Brand Nubian

    Fire in the Hole


    With damn near every hip-hop record these days filled with random, often stylistically divergent beats made by whomever the artist (or more likely the label) could get to guest, and everyone looking to grab the hot producers of the moment, the cohesive, uniform, flowing, hip-hop LPs of yore are all but gone. Internally produced acts like Gang Starr keep proving these albums still work (maybe even better than ever), but everyone thinks getting with Scott Storch or Danger Mouse or somebody is the prescription for hotness. Even studio geniuses like the RZA don’t get it, clowning themselves by not realizing that no one wants to hear their mediocre flows over someone else’s lesser beats.

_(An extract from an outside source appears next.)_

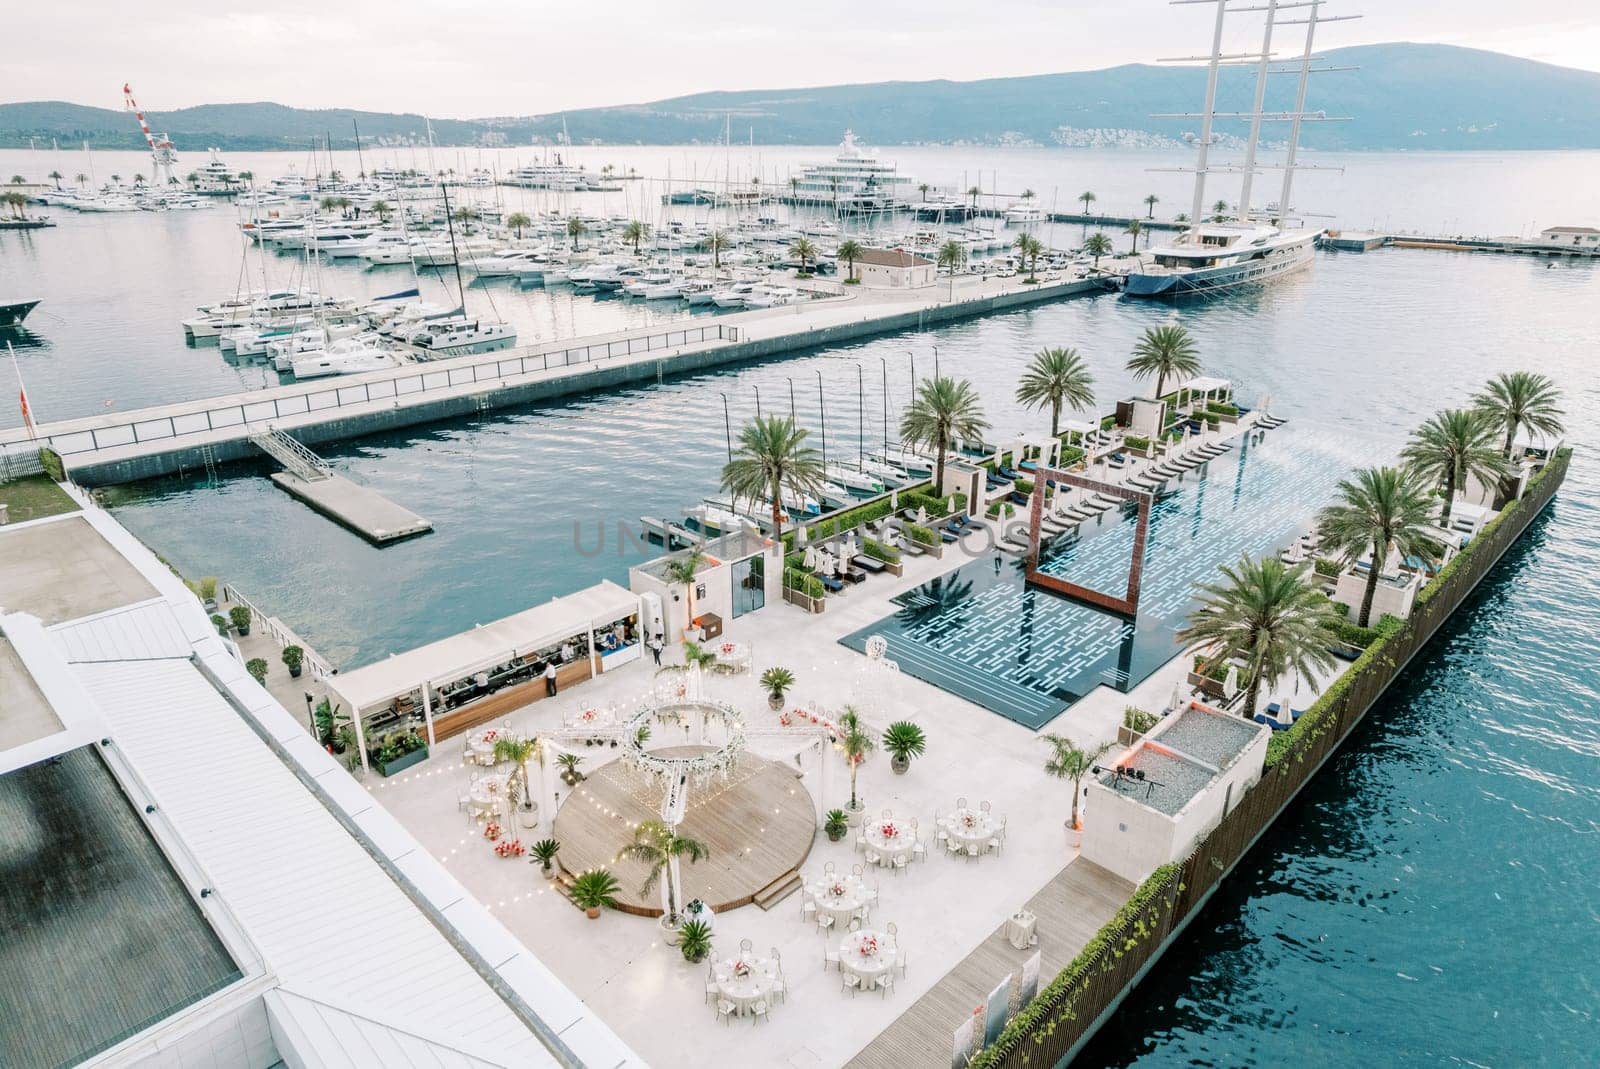 Round festive tables stand around a stage by the long pool on the pier of a luxurious marina. High quality photo

Murs got it when he did 3:16 with 9th Wonder, and MF Doom definitely gets it. But unfortunately, few others do.


    That said, with none of the delusions of re-emerging into the mainstream that accompanies so many hip-hop comeback albums, Now Rule (that’s New Rochelle for you non tri-state suckers) true-school vets Brand Nubian have kept the production on Fire in the Hole entirely in-house. That’s not to say that it’s all hot — some of these beats are actually wack — but at least it’s uniform.

    Lyrically, the Nubians keep it really real. That is to say they’re doing the same thing they’ve always done, which not that many people are still doing. Brand Nubian has always been real thugs (the stories I’ve heard, if repeated here, could get my teeth knocked out); they don’t need to make thugged-up hip-hop to justify themselves. On “Young Son,” in which Grand Puba, Lord Jamar and Sadat X address their young male progeny while facing a prison bid (in real life, only Puba hasn’t been in for an extended stay), Lord Jamar gets it gangsta, telling his boy, “Take this nine milli, son, I hope you can handle it.” Jamar, who I’ve always thought brought the group down (especially on their classic “Punks Jump Up To Get Beat Down” off 1993’s In God We Trust, in which he sounds like a closet case while going off on his dislike for gays), holds it down throughout, coming with some of the best verses.

    And everybody who doesn’t think Sadat X is one of the best emcees ever needs to re-acquaint themselves with One For All, the group’s 1990 debut; spin “Punks Jump Up To Get Beat Down” a few times; and pick up his insanely slept-on 1996 solo LP, Wild Cowboys. Nonetheless, his performance here is far from his best work.

    Unlike most commercial (and many underground) hip-hop records, which are designed to pump you up and then bring you down with a corny and forced sensitive track that you quickly forget about, Fire in the Hole is relatively sad overall. Many of the greatest hip-hop tracks (“Children’s Story,” anyone?) are based around cautionary tales, and Brand Nubian has caution coming out the ass. Like the lives of the group’s emcees, Brand Nubian’s career is one big cautionary tale, making any release by them suggested listening for any aspiring emcee.